**WHAT IS EXPECTED:** Please reproduce all of the data exactly as it appears, but skip the pictures.

Saved data entries
- Opening Delimiter -

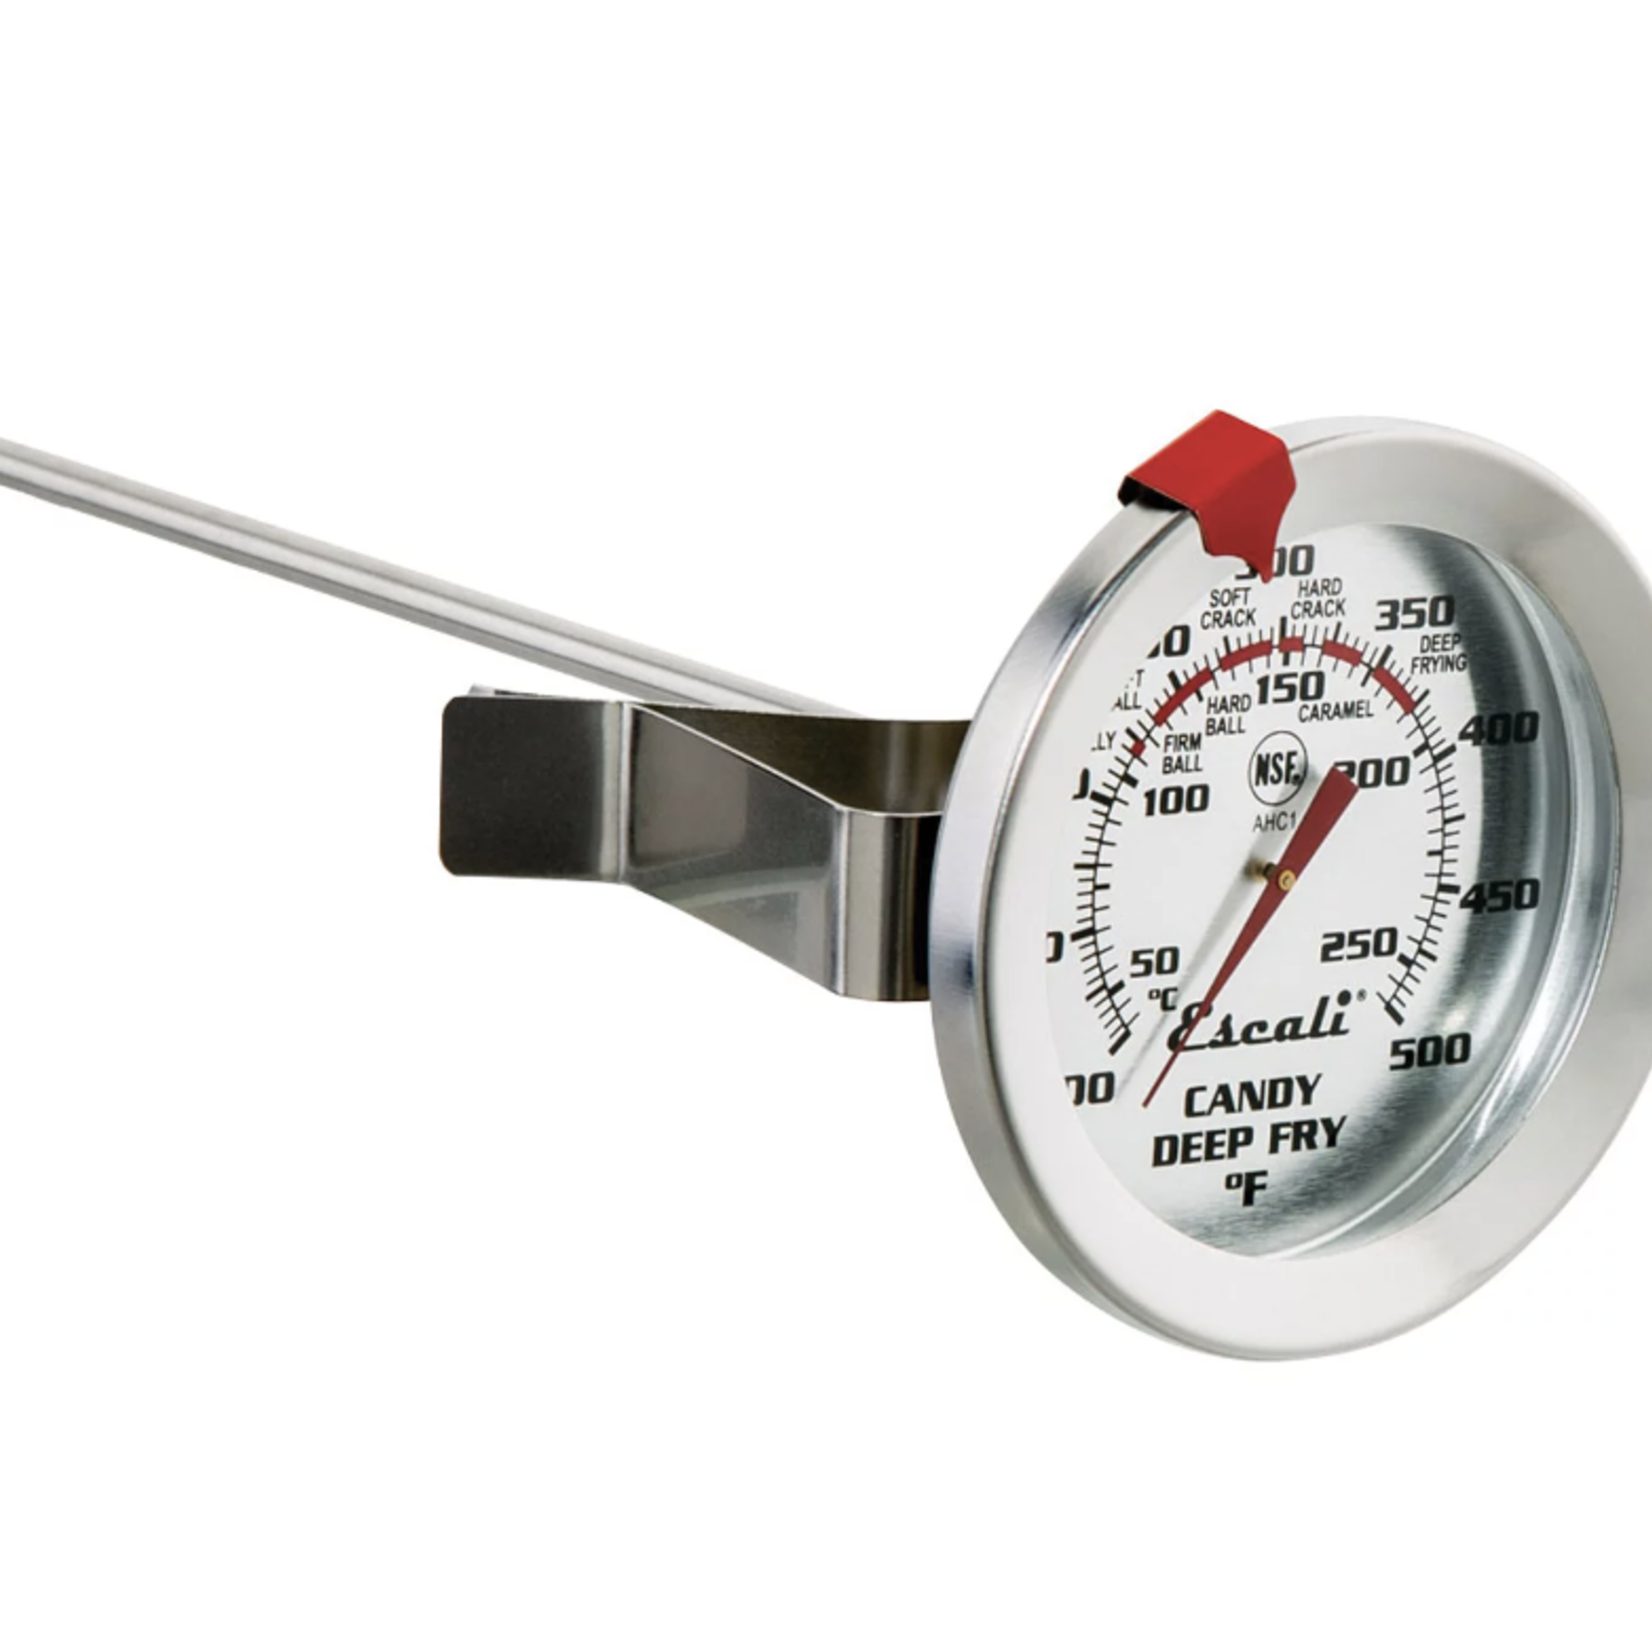 Escali Candy/Deep Fry Thermometer, 5.5"
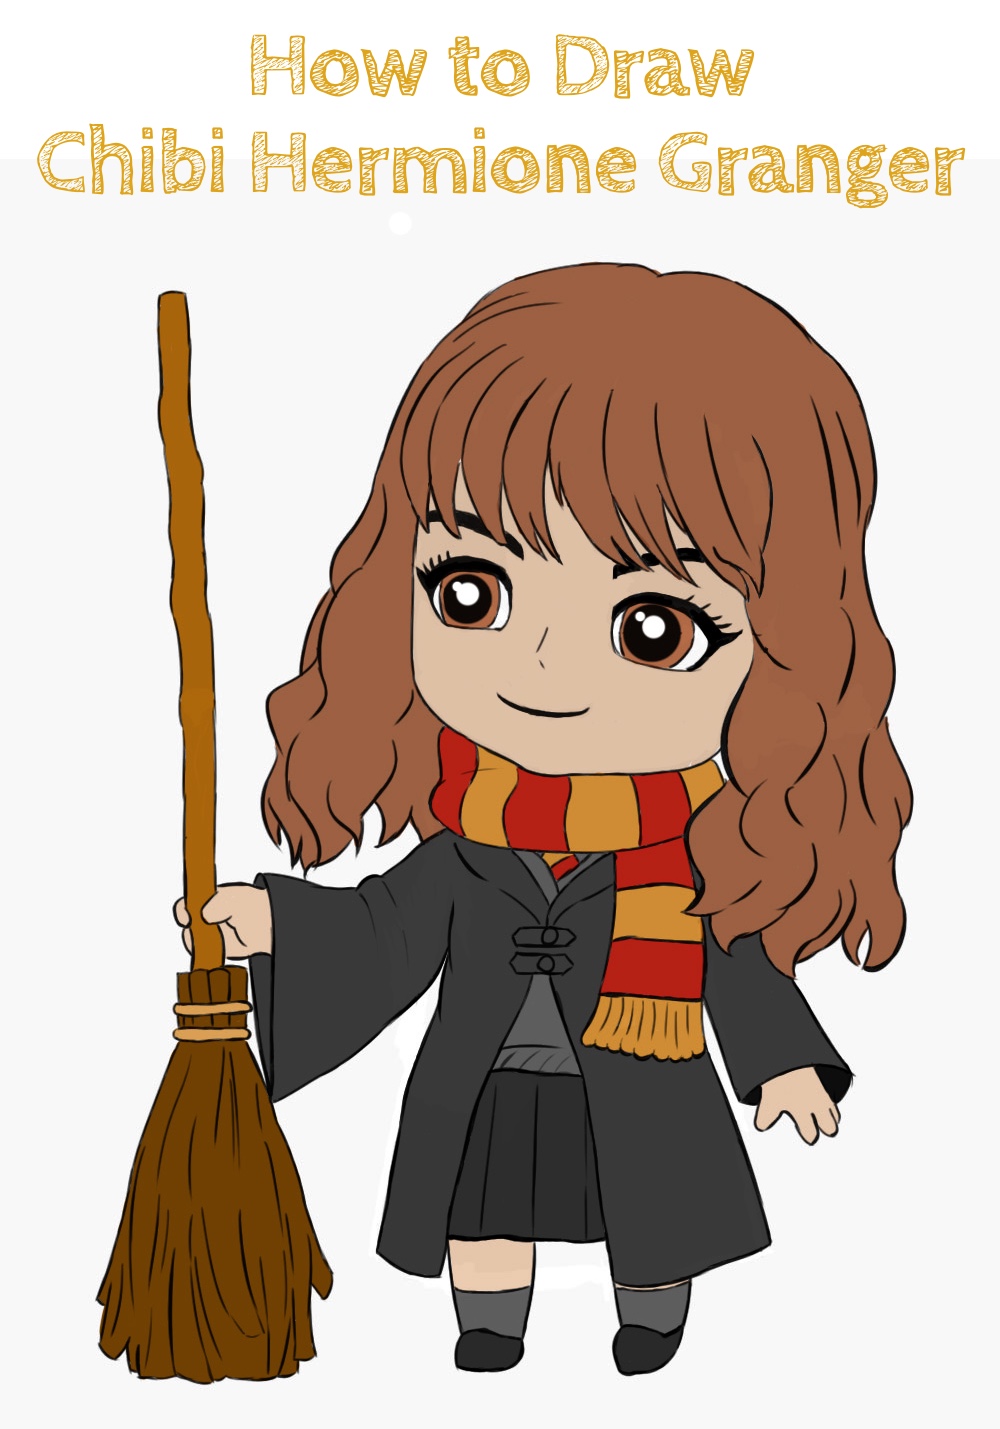 How to Draw Chibi Hermione Granger - How to Draw Easy
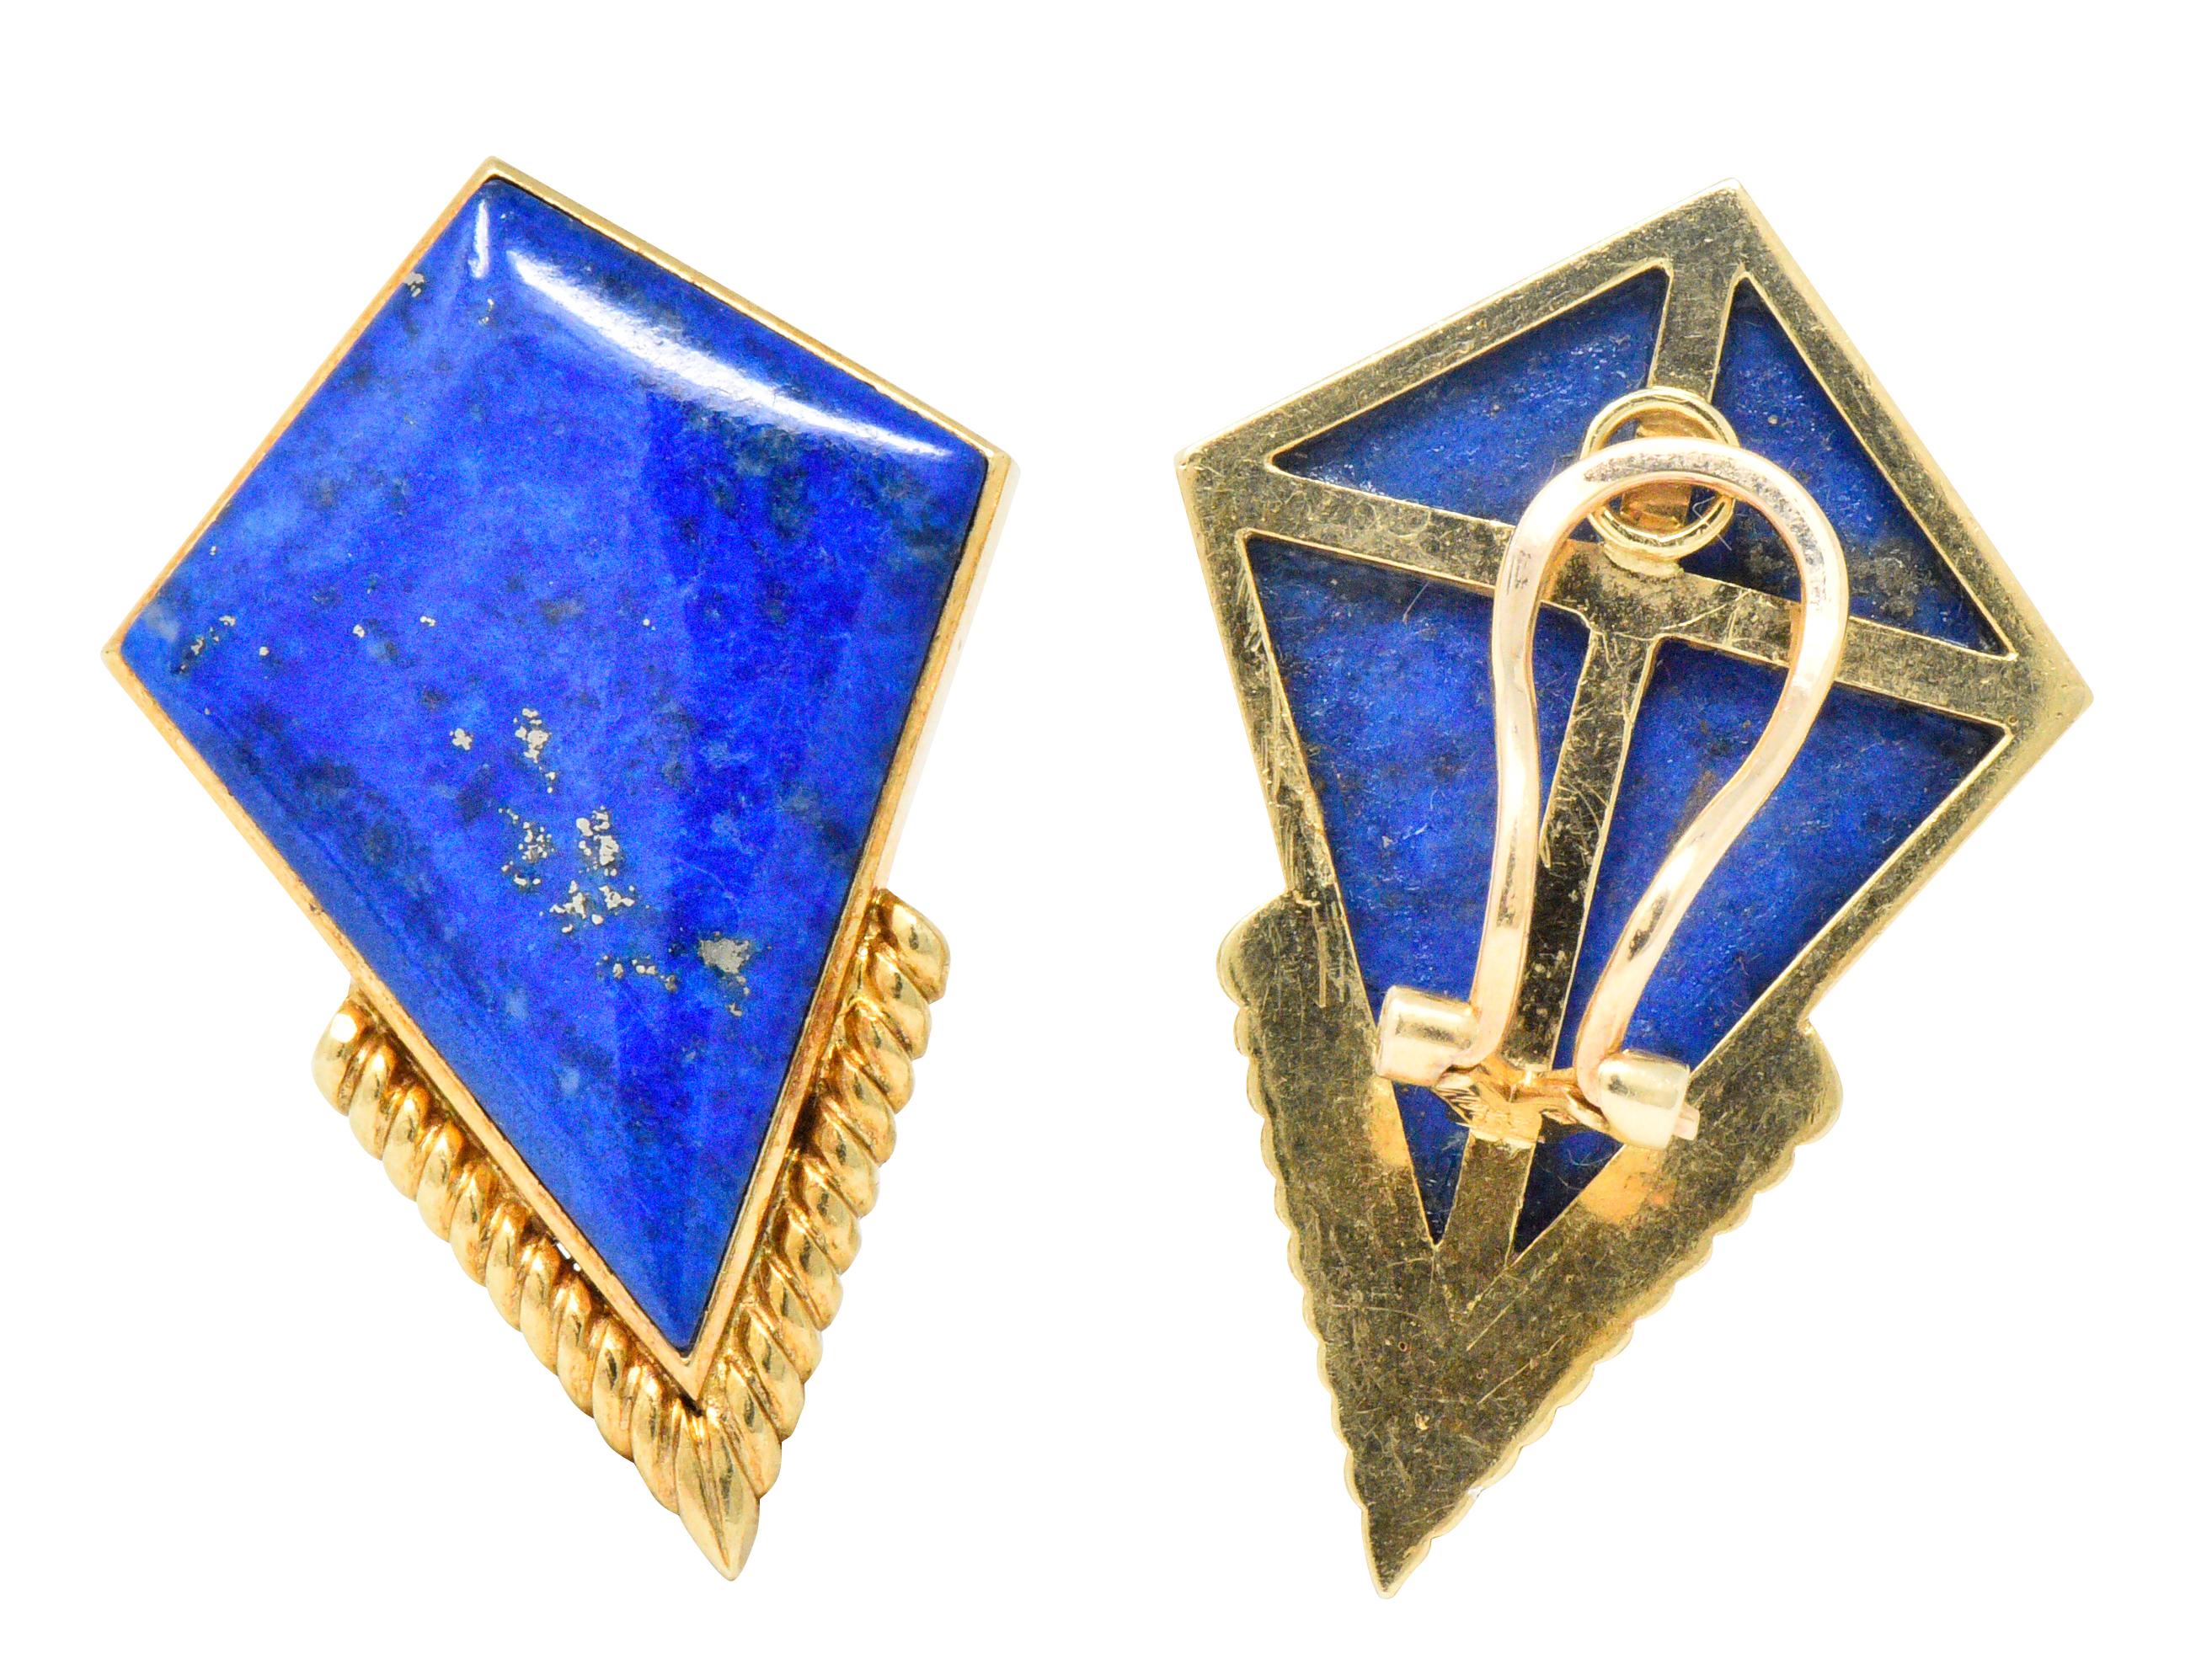 Shield contains polished lapis lazuli, bright blue with some dark blue veining and flecks of pyrite

Accented with polished fluted gold

Bright bold statement ear-clips 

Fully signed Ming's with hinged omega backs

Measures: Approx. 1 1/2 x 1

- Closing Delimiter -

**WRITTEN ANSWER:**
 Escali Candy/Deep Fry Thermometer, 5.5"
 How to Draw Chibi Hermione Granger - How to Draw Easy
 Shield contains polished lapis lazuli, bright blue with some dark blue veining and flecks of pyrite

Accented with polished fluted gold

Bright bold statement ear-clips 

Fully signed Ming's with hinged omega backs

Measures: Approx. 1 1/2 x 1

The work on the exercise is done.